ABOUT THIS TASK → An exact restatement of the data is required, with the images omitted.

DATASET CONTENT →
▼

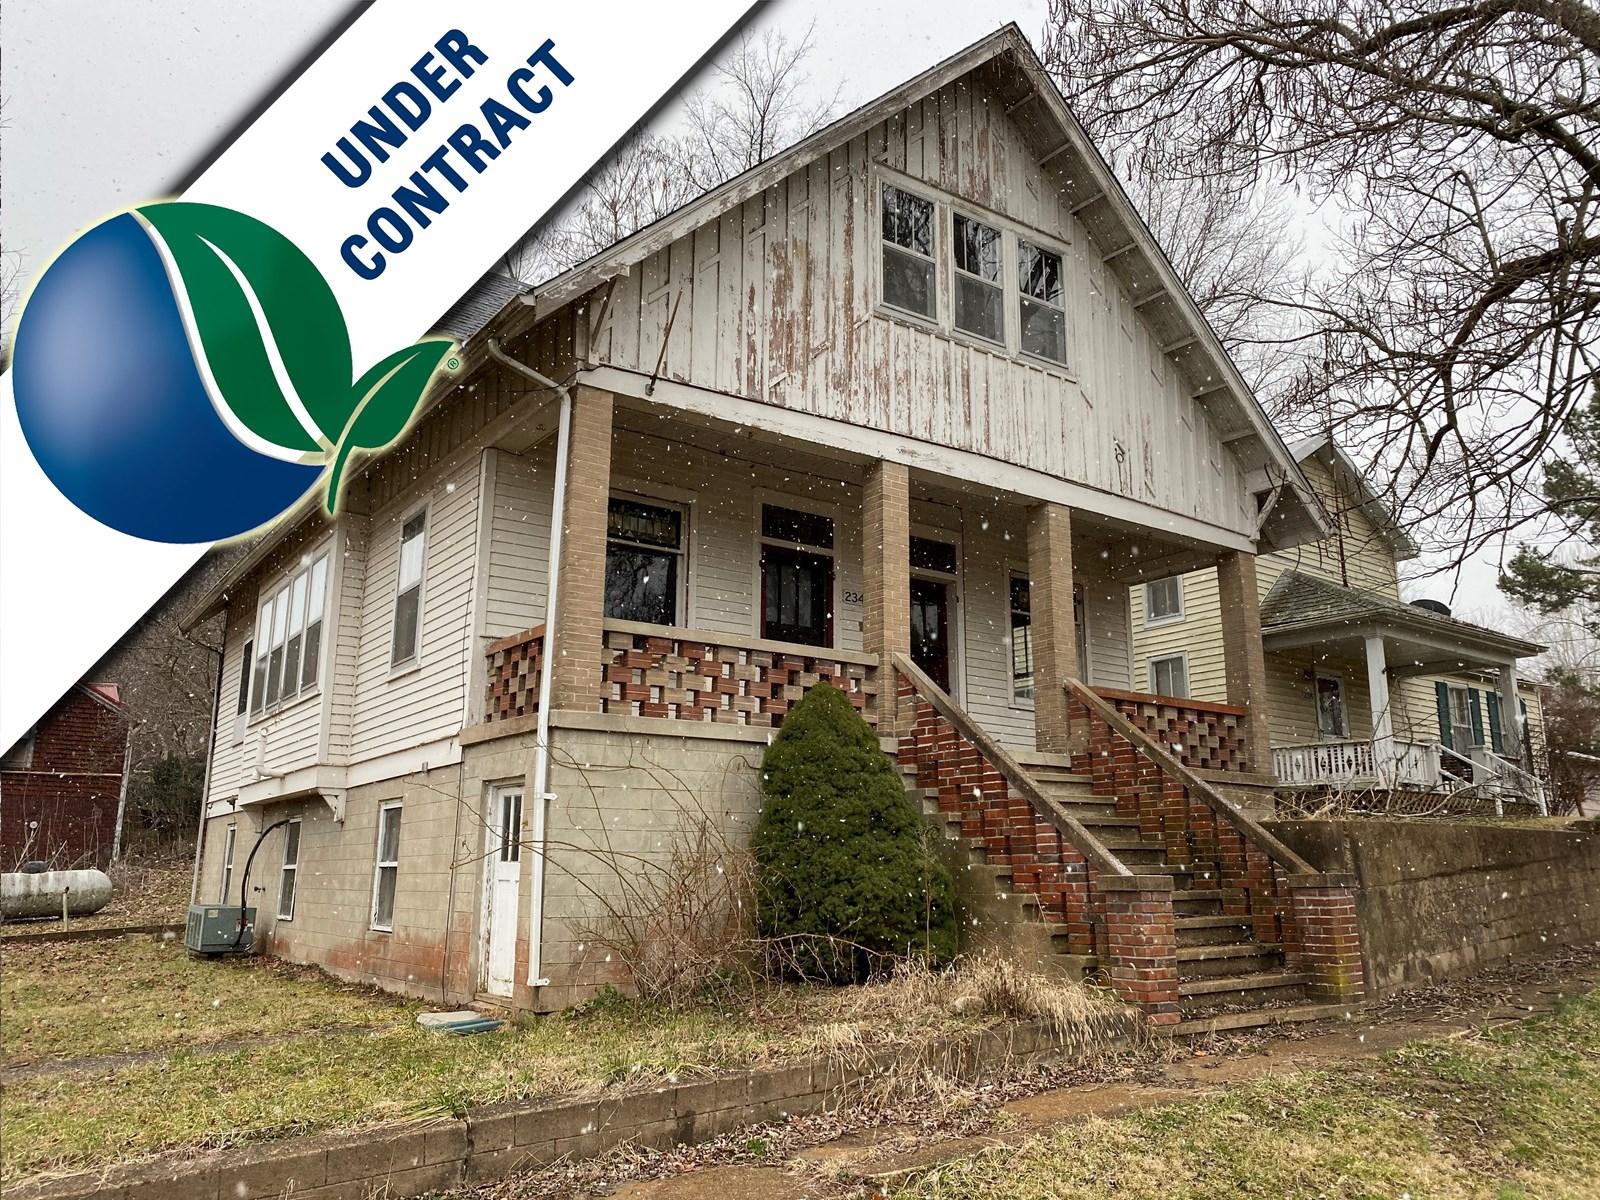 Historic Fixer-Upper Home for sale near Hermann, Missouri
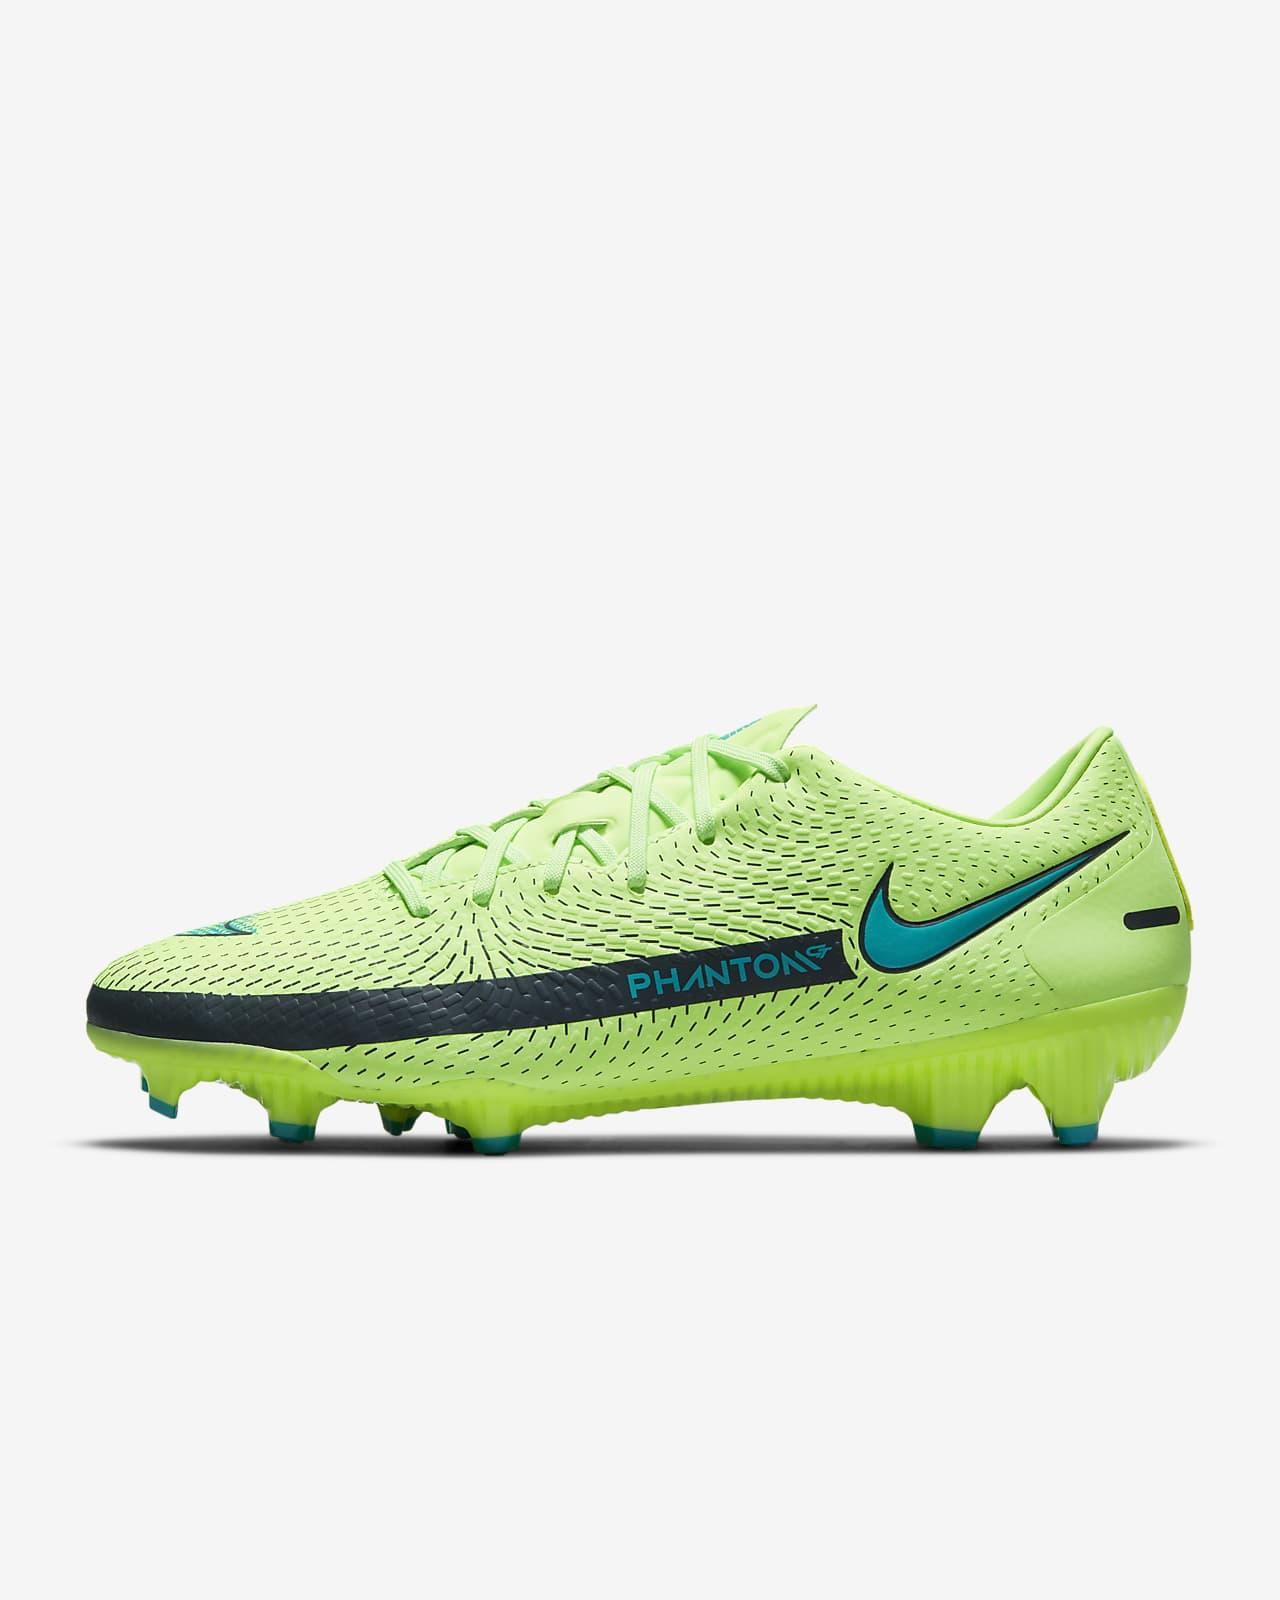 Nike Phantom GT Academy MG Multi-Ground Football Boot
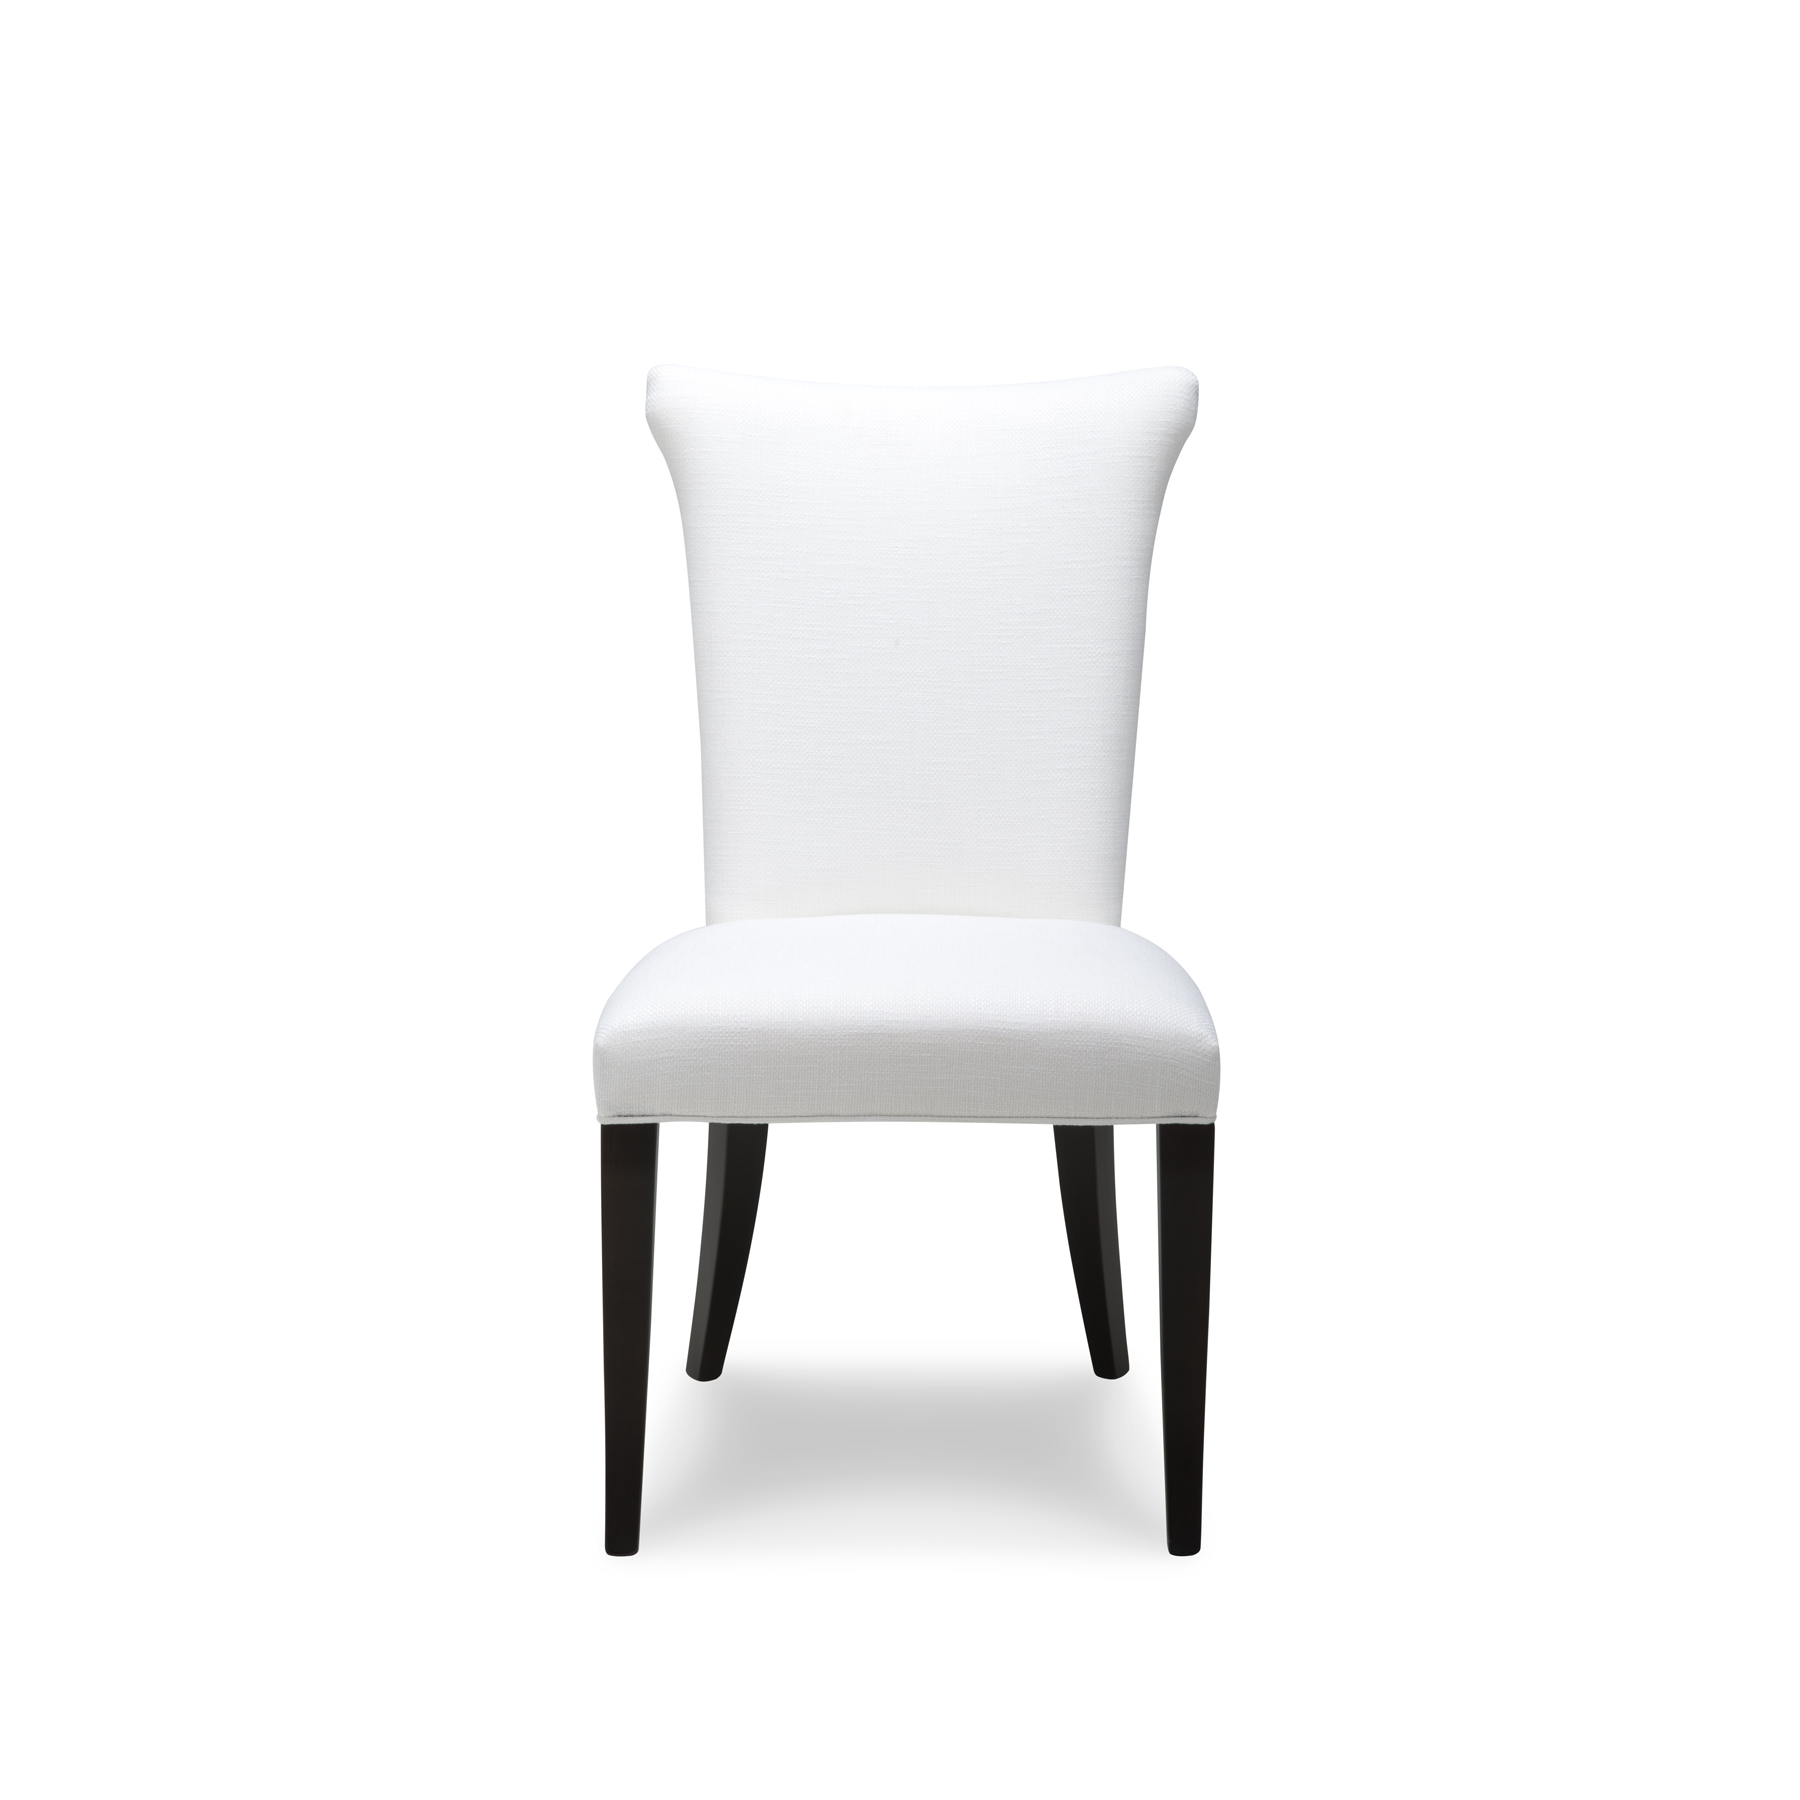 Regal-Chair-A-PROOF-1.jpg

▲

EXERCISE RESULT →
 Historic Fixer-Upper Home for sale near Hermann, Missouri
 Nike Phantom GT Academy MG Multi-Ground Football Boot
 Regal-Chair-A-PROOF-1.jpg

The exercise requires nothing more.